Itu Penilaianku terhadap Diriku Sendiri
Mengeluh tanpa ada habisnya ialah kebodohan. Aku sadari betul pernyataan ini. Tapi apakah seperti itu, aku kira tidak jauh berbeda pendapatmu dengan aku. Baiklah, seperti ini perkaranya: aku linglung karena sehabis mengerjakan tugas, aku rasa sudah baik, lenyap tiba-tiba. Apa yang kamu rasakan. Aku merasakan goncangan yang amat dahsyat. Tapi apakah kamu kecewa. Aku menjawab dengan nada suaraku yang parau: mungkin. Ya aku sendiri tidak bisa memastikan.

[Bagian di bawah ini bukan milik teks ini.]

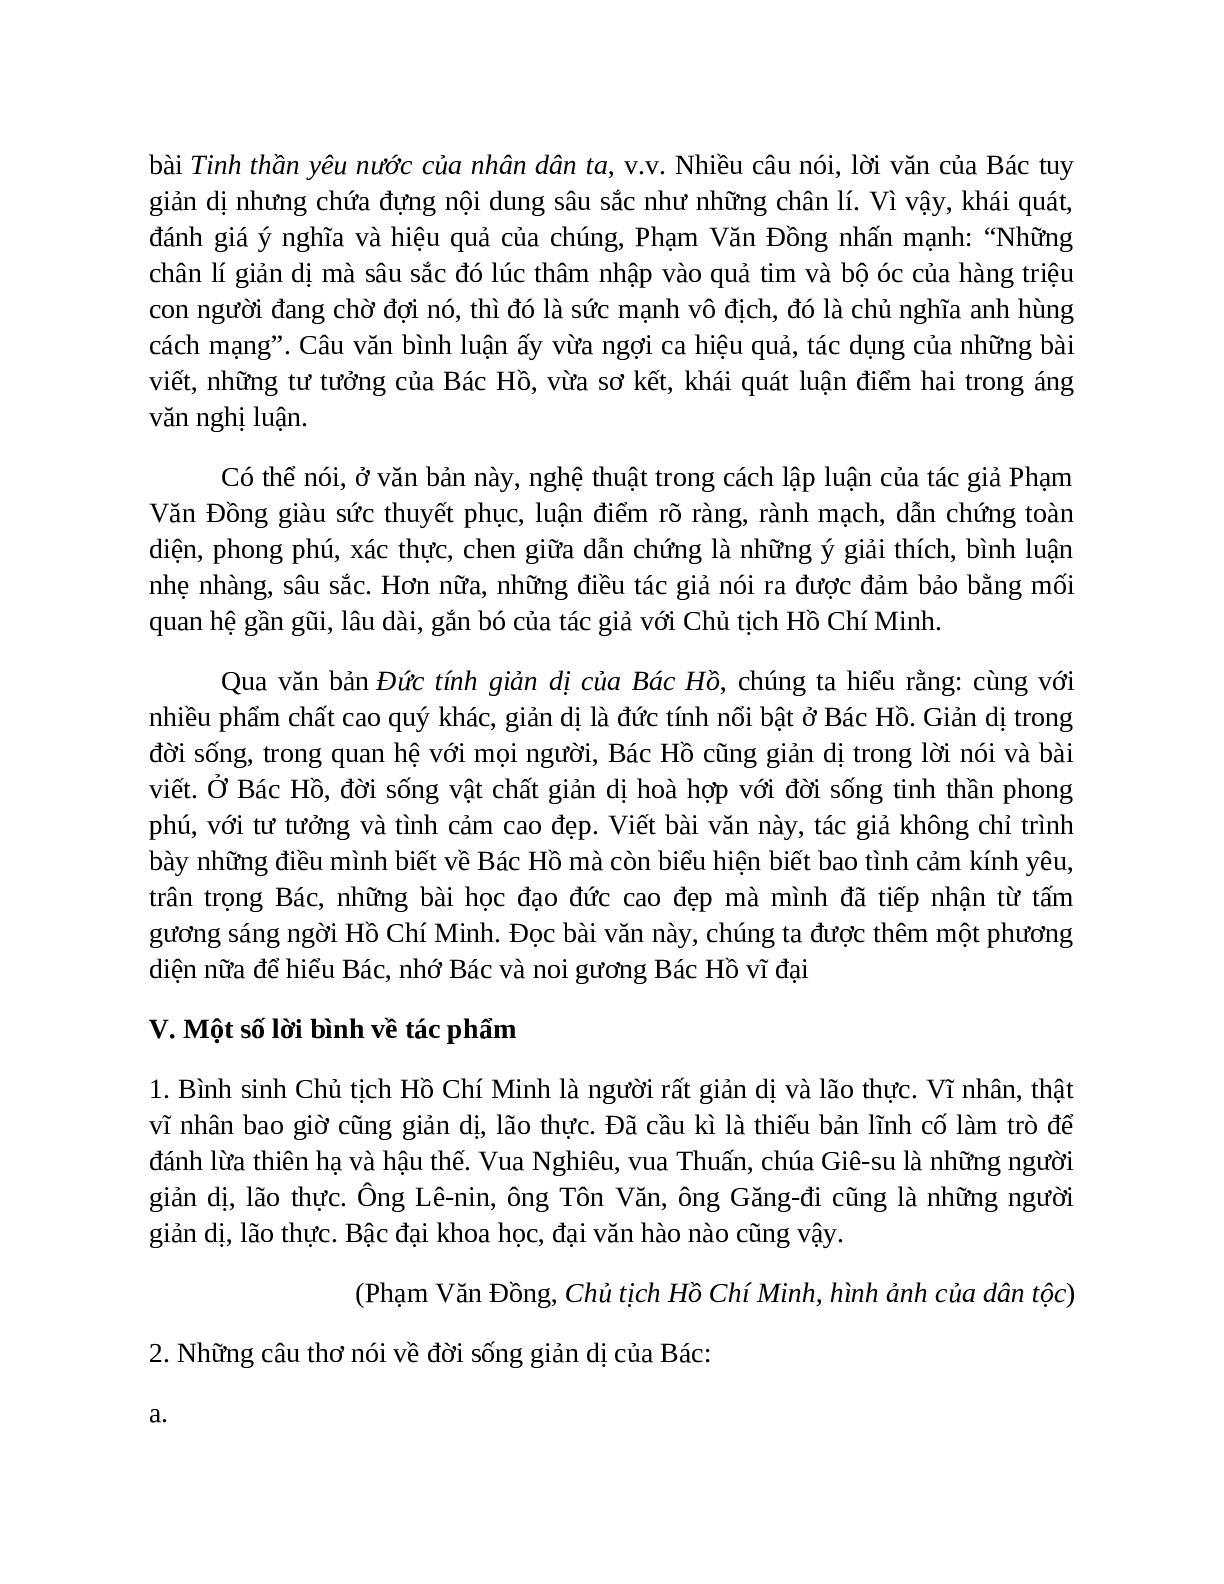 Sơ đồ tư duy bài Đức tính giản dị của Bác Hồ dễ nhớ, ngắn nhất - Ngữ văn lớp 7 (trang 7)

Seperti kata yang kupermainkan, maka aku mempermainkan pikiranku sehingga aku sendiri tak bisa lepas kendali. Akibatnya aku memutuskan jaring sosialku demi sesuatu yang aku sendiri sulit memahaminya. Enyahlah dari pikiranku hai iblis. Tapi dia malah bercokol saja. Tanpa lelah aku kerahkan kekuatanku untuk mengalahkannya. Namun usahaku belum kelihatan ada hasilnya. Bagaimana pendapatmu. Aku rasa, kamu harus membenahi dirimu sebelum terlambat. Jawaban bagus, bahkan lebih bagus dari tidak menjawab sama sekali.
Aku akui bahwa akhir-akhir ini aku tak tentu arah. Kadang aku masih samar mana sebenarnya Barat, Timur, dan arah angin lainnya. Arah angin? Aku rasa tidak sebatas pada itu. Ideologi rasionalisme dan empirisme telah mengombang-ambing reputasiku sebagai seorang mahasiswa yang aku sendiri menilai diriku sebagai yang idealis. Namun idealis yang egois, yang kadang sulit dipahami orang lain, tapi menurutku sendiri aku jelas mengatakan apapun. Tapi entah kenapa, aku masih belum bisa dipahami banyak orang. Ah, atau aku malah yang belum bisa memahami orang. Mungkin. Namun aku sadari betul, bahwa diriku menurut aku ialah pengonsep yang baik. Itu penilaianku terhadap diriku sendiri.
berada di sepanjang Psanggrahan.
Bulan Mei, 2011. Aku yang kolaps, seperti gedung itu (lihat gambar). Seperti pula suasana hatiku saat ini: rapuh dan roboh.